Theoretical max efficiency: 13.173 MJ/kg of water.[1]
Water in the oceans: 1.35E21 kg [2]
Total energy needed to electrolyze the oceans: 1.77E22 MJ
Total energy recieved by the Earth from the sun per second: 4.3E14 MJ
Time required to elecroyize the oceans using the entire available output of the Sun on Earth at 100% total efficiency: 478.67 days
It is a very silly idea to think that we could accidentally wield many orders of magnitude more energy than humanity has ever harnessed in collective history without noticing.
It is incredible, how HN community (arguably made from some of the lest dumb people on Internet) can turn blind eye to this major concern while laughing and patting themselves on their backs.
I guess, industrial magnates of 1800s would have shown the same reaction, if someone told them about dangers of burning fossil fuels.

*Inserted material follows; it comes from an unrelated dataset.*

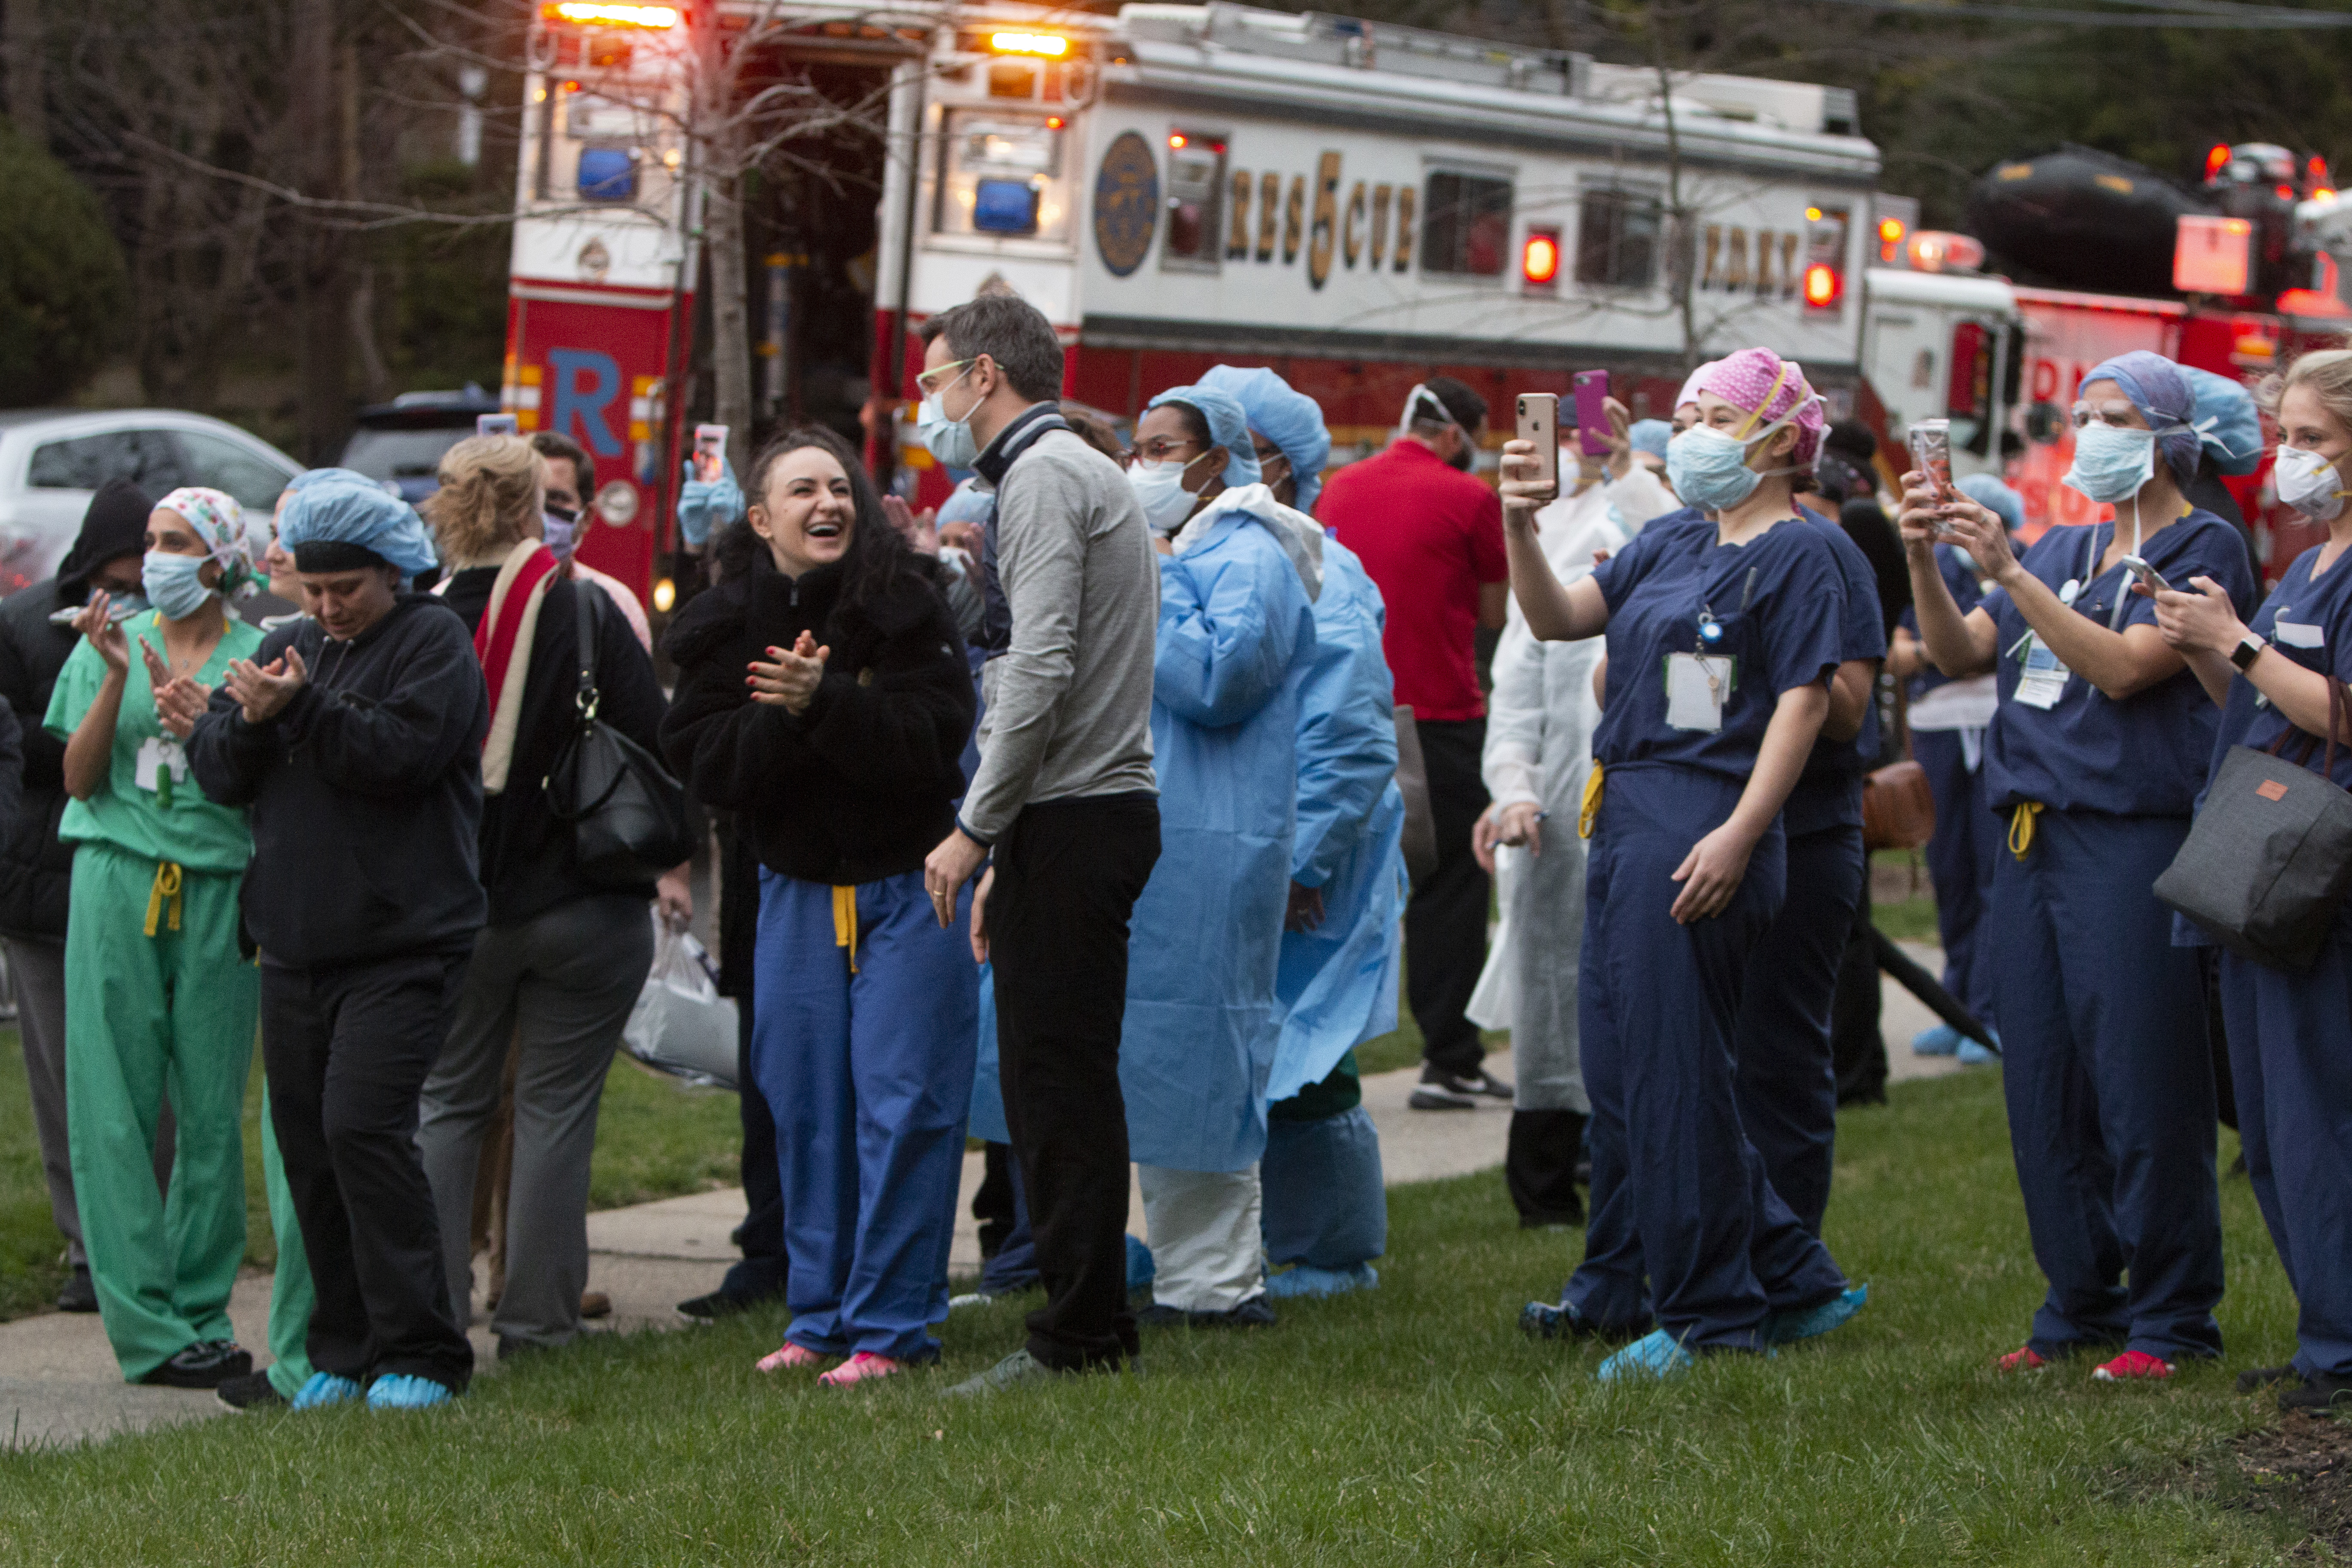 First responders gathered outside Richmond University Hospital on Friday, April 3, 2020 to applaud the hospital's staff. (Staten Island Advance/ Paul Liotta)

"This is ridiculous!", "But Sun was causing fires for centuries!" and "If it gets bad, we can stop burning more coal!" — those excuses didn't age well, yet most replies to this comment repeat them almost verbatim.

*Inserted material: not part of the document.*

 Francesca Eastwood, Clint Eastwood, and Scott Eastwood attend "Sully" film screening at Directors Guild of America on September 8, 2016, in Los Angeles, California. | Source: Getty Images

Of course, instantly sending all (or most) of Earth hydrogen into outer space is impossible — at the current technology level. But wasting what little water we have to make it is still a bad idea.
Many places are already short on fresh water — the kind of water, necessary for electrolysis. We can make hydrogen from saltwater too — after purifying it, but that's not commercially viable. No one uses "free" energy from solar panels to make new lakes or refill depleting aquifers.

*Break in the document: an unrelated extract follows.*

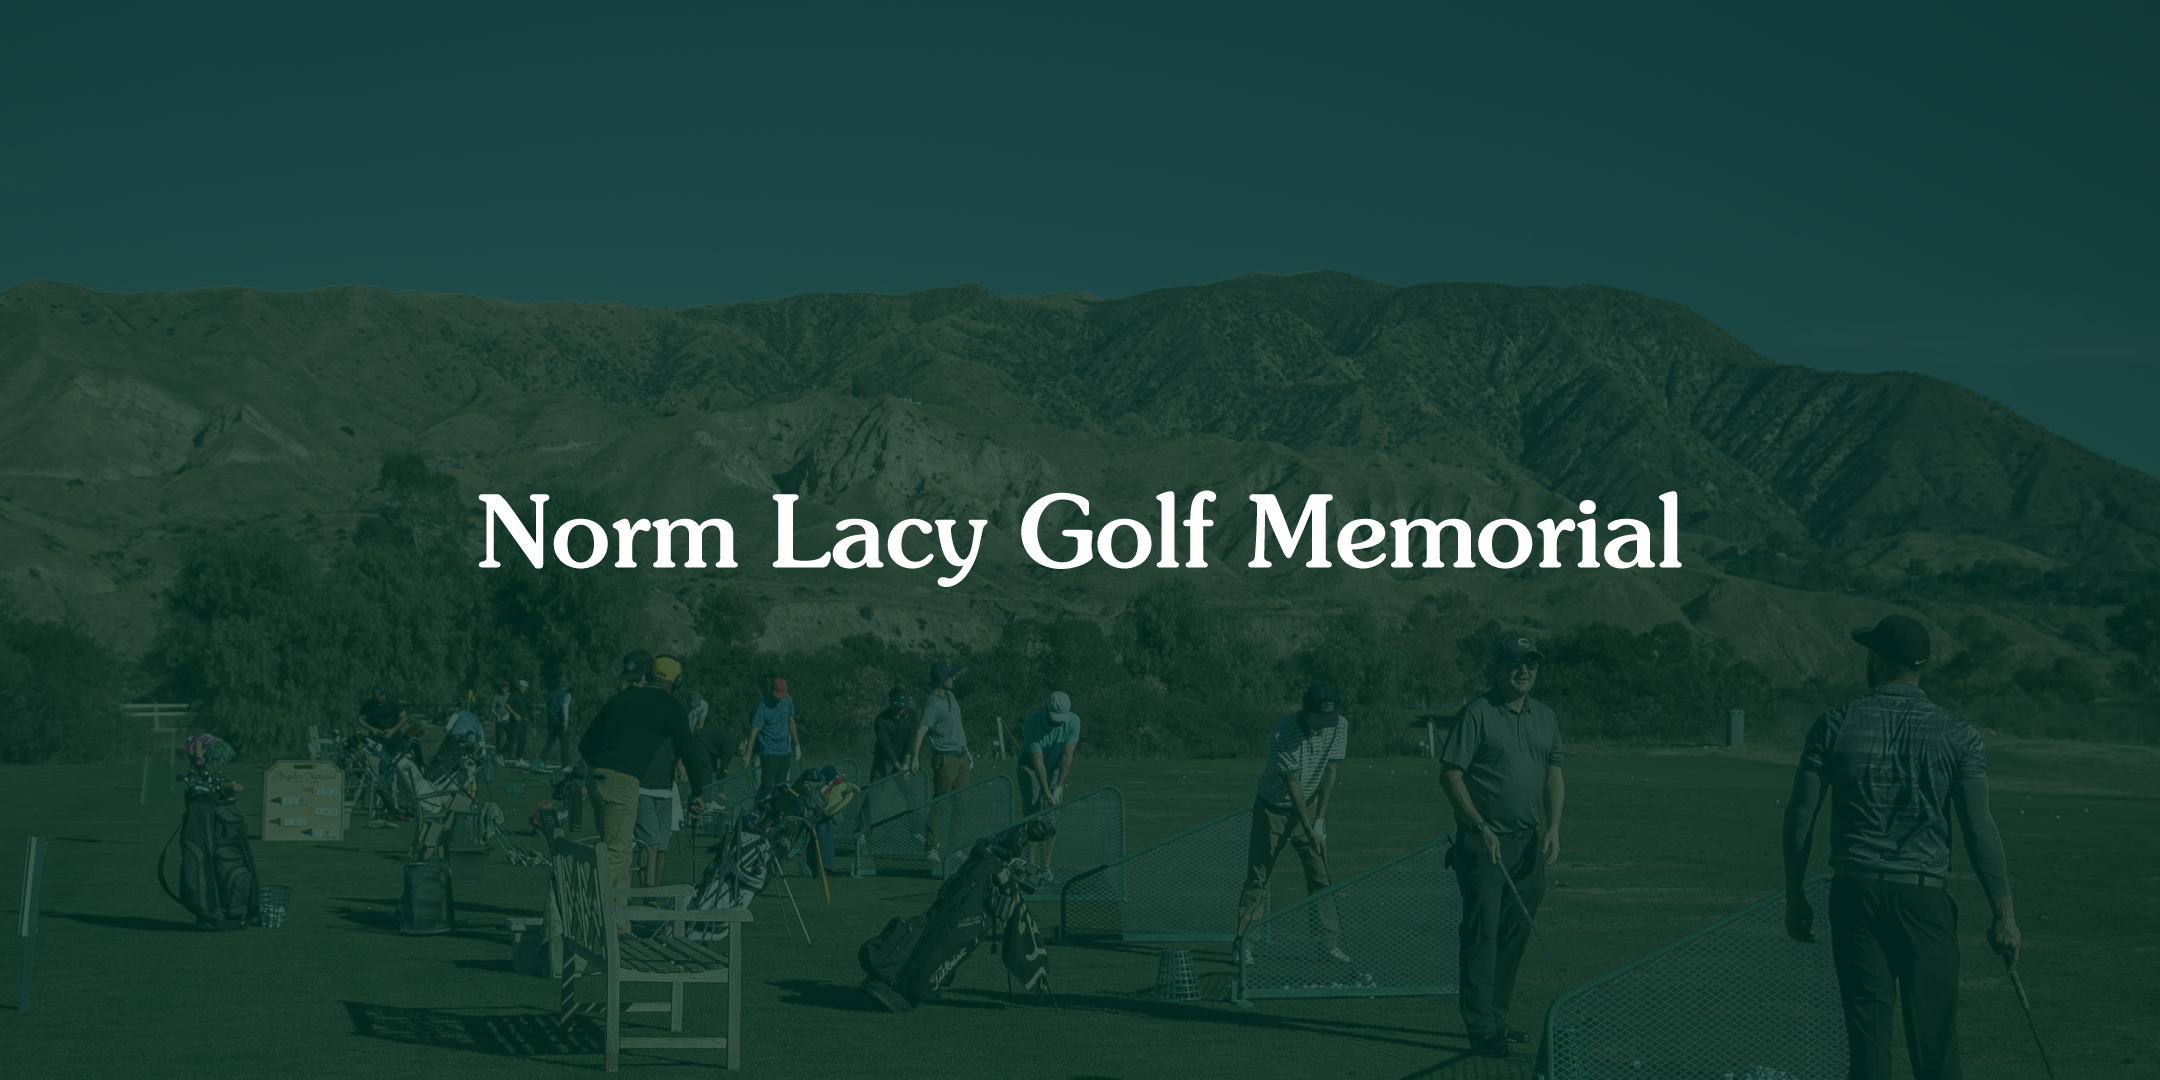 5th Annual NORM LACY Golf Memorial

Most of the Earth's surface is covered by water, but we can't even purify enough to satisfy our biological needs — otherwise Sahara would be a major agricultural and economical attraction. To solve world's water problem would require near-unlimited power, and the hydrogen production is not going to do it. At best, a hydrogen boom would result in another round of colonial robbery: stealing water from people, who can't defend it, to power more air conditioners in USA and Europe.
> Of course, instantly sending all (or most) of Earth hydrogen into outer space is impossible — at the current technology level. But wasting what little water we have to make it is still a bad idea.
The whole point of making hydrogen (from water) to store energy is so we can release the energy later — by oxidising it back into water. We get the same amount of water back afterwards. No one is going to be stealing water to make hydrogen.
Nothing is a power system without efficiency figures. Otherwise it's just a chemistry experiment.